Положив руки на бедра, Лахлан сердито смотрел вниз на Эванджелину.
— В основном да, но не могу отрицать, что получаю возможность следить за безопасностью Фэй.
— Ты считаешь, у тебя есть опасения! Ха! Они ничто по сравнению с моими. Возможно, мне с самого начала следовало согласиться жениться на девочке. Она, по крайней мере, послушна и знает свое место.
Эванджелина надменно тряхнула блестящей черной гривой.
— Прекрасно. Я сообщу Магнусу о твоем решении.
При мысли о том, что Магнус окунет свои пальцы в этот сияющий водопад волос, Лахлан дотянулся до Эванджелины и резко повернул ее лицом к себе.
— О-о, ты… — зашипела она, стараясь вырваться из его рук.
— Твой жених! — рявкнул он, остановив ее на полуслове, и, притянув к себе, погрузил пальцы в ее волосы. — Ты моя, а не Магнуса.
Он положил обе руки ей на затылок и завладел ее ртом. Эванджелина затрепетала, и безумие, державшее Лахлана в своих когтях, ослабило хватку.
Лахлан резко отпрянул и при виде озадаченного выражения на лице Эванджелины сказал:
— Мне следует запомнить, что поцелуем можно успешно заставить твой рот замолчать.
Он дразнил ее в надежде, что Эванджелина не заметит, как сильно действует на него ее кровь.
Эванджелина выбежала из зала, преследуемая его притворным смехом.

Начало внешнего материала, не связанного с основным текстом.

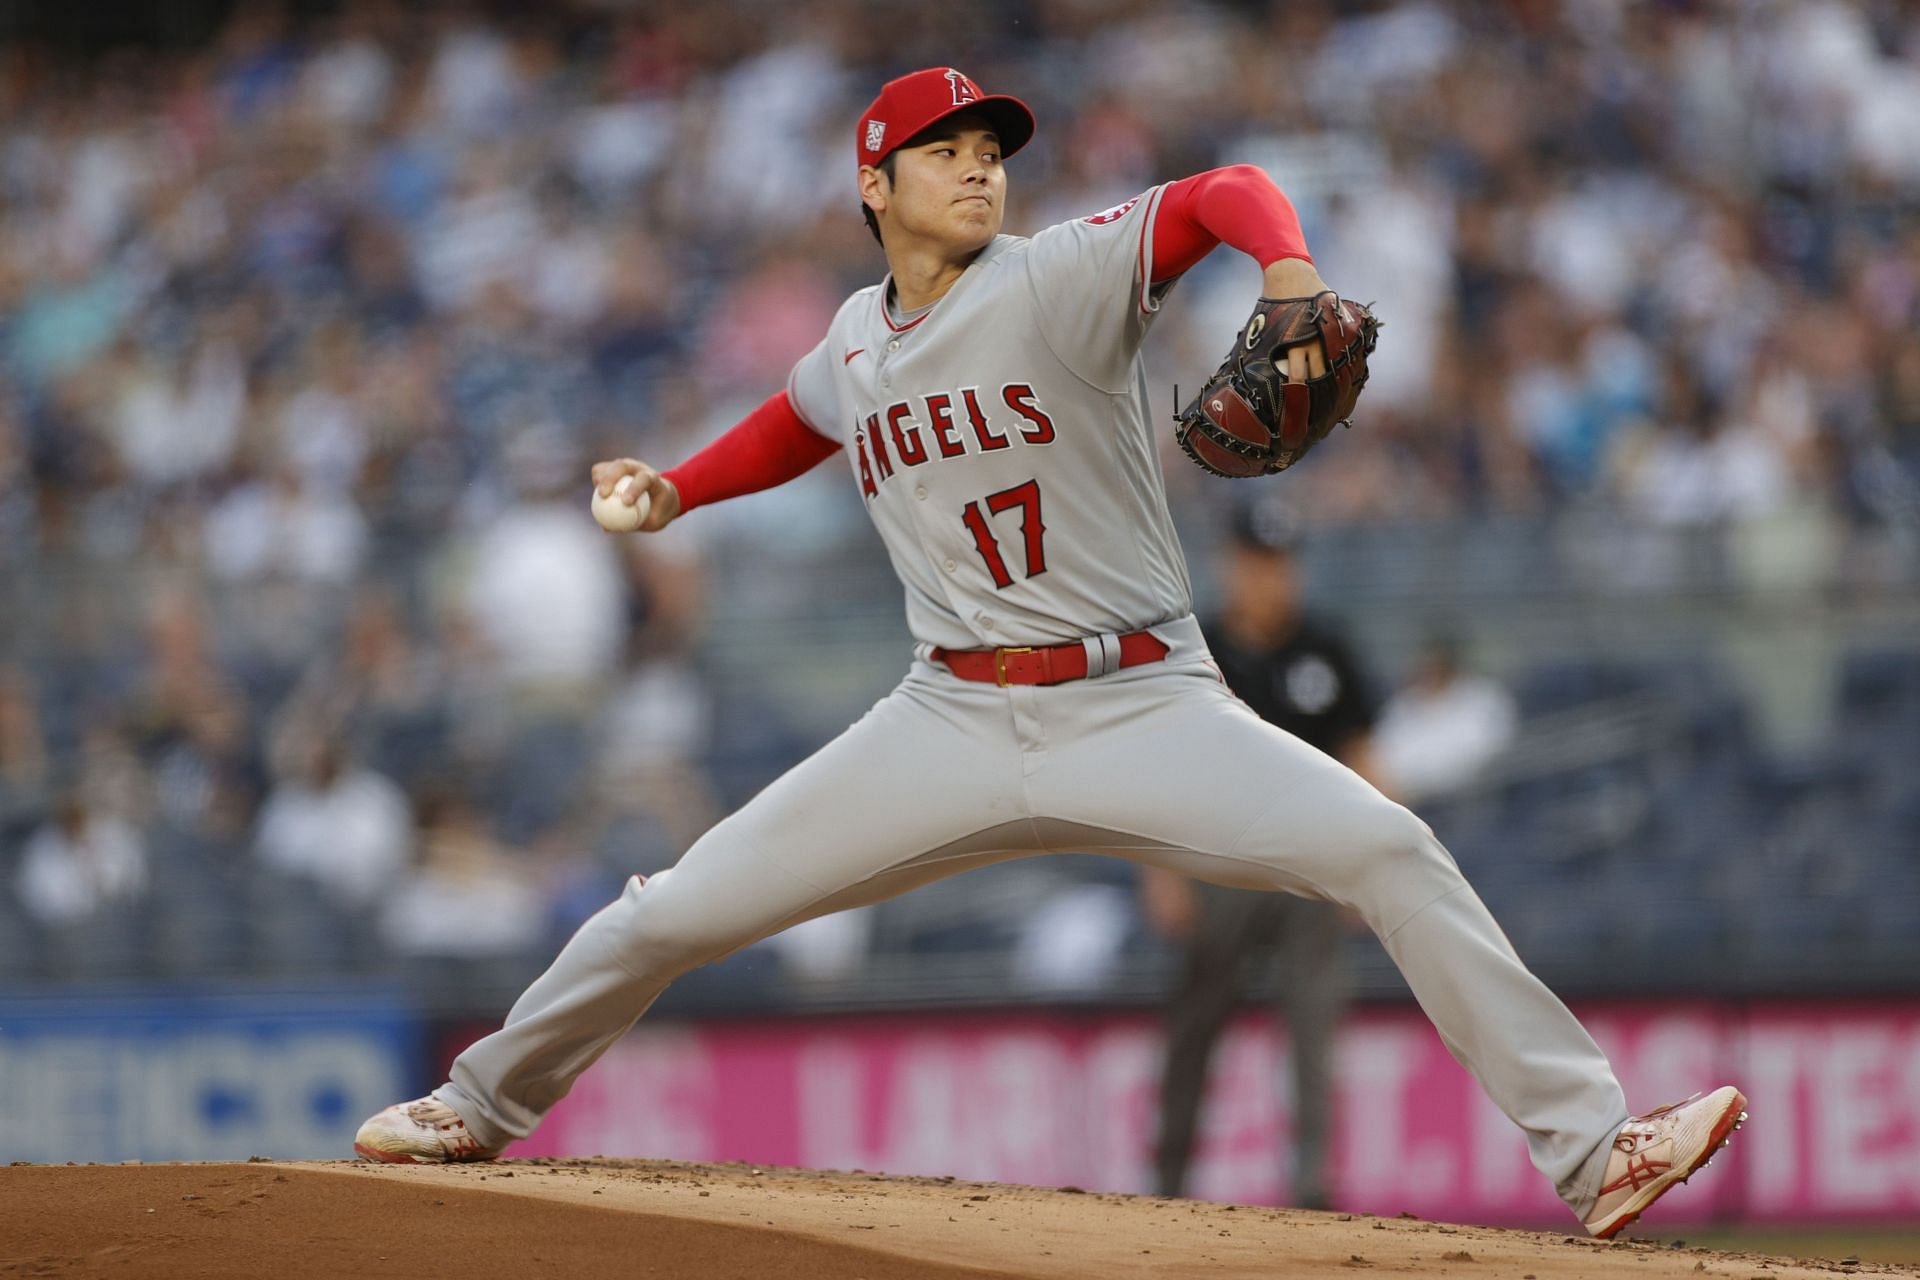 Shohei Ohtani pitching against the New York Yankees

Мерцающие свечи освещали покрытую искрящимся снегом дорожку от дворца Магнуса к тому месту, где стояли Лахлан и Гейбриел, ожидая своих невест на ночном морозном воздухе. Присутствовавшие воины обеих армий нетерпеливо ворчали, мечтая, чтобы церемония закончилась и начался праздник.
— Господи, что же они так долго? Здесь дьявольски холодно.
— Если бы ты надел что-нибудь еще, кроме своего наряда горца, холод тебя не донимал бы, — усмехнулся Бродерик, и Лахлан посмотрел вниз на его накидку.
— Не понимаю, зачем нужно делать из этого такое представление, — угрюмо пробурчал Лахлан.
Гейбриел несколько секунд всматривался в него, а потом пожал плечами:
— Мы королевская власть. И так всегда делается.
Слева от них под покрытыми тонким льдом ветвями дуба три мужчины взялись за деревянные духовые инструменты, а две женщины сели за арфы. Знакомая мелодия, которую они заиграли, поплыла над толпой, и все внимание обратилось к Магнусу, который вел по дорожке сестру. Даже бриллиантовая диадема на серебристо-светлых волосах Джоранн не могла затмить ослепительную красоту девушки, а только освещала ее нежное лицо.
С выразительным взглядом Магнус вложил руку Джоранн в руку Гейбриела, и Гейбриел в ответ коротко кивнул.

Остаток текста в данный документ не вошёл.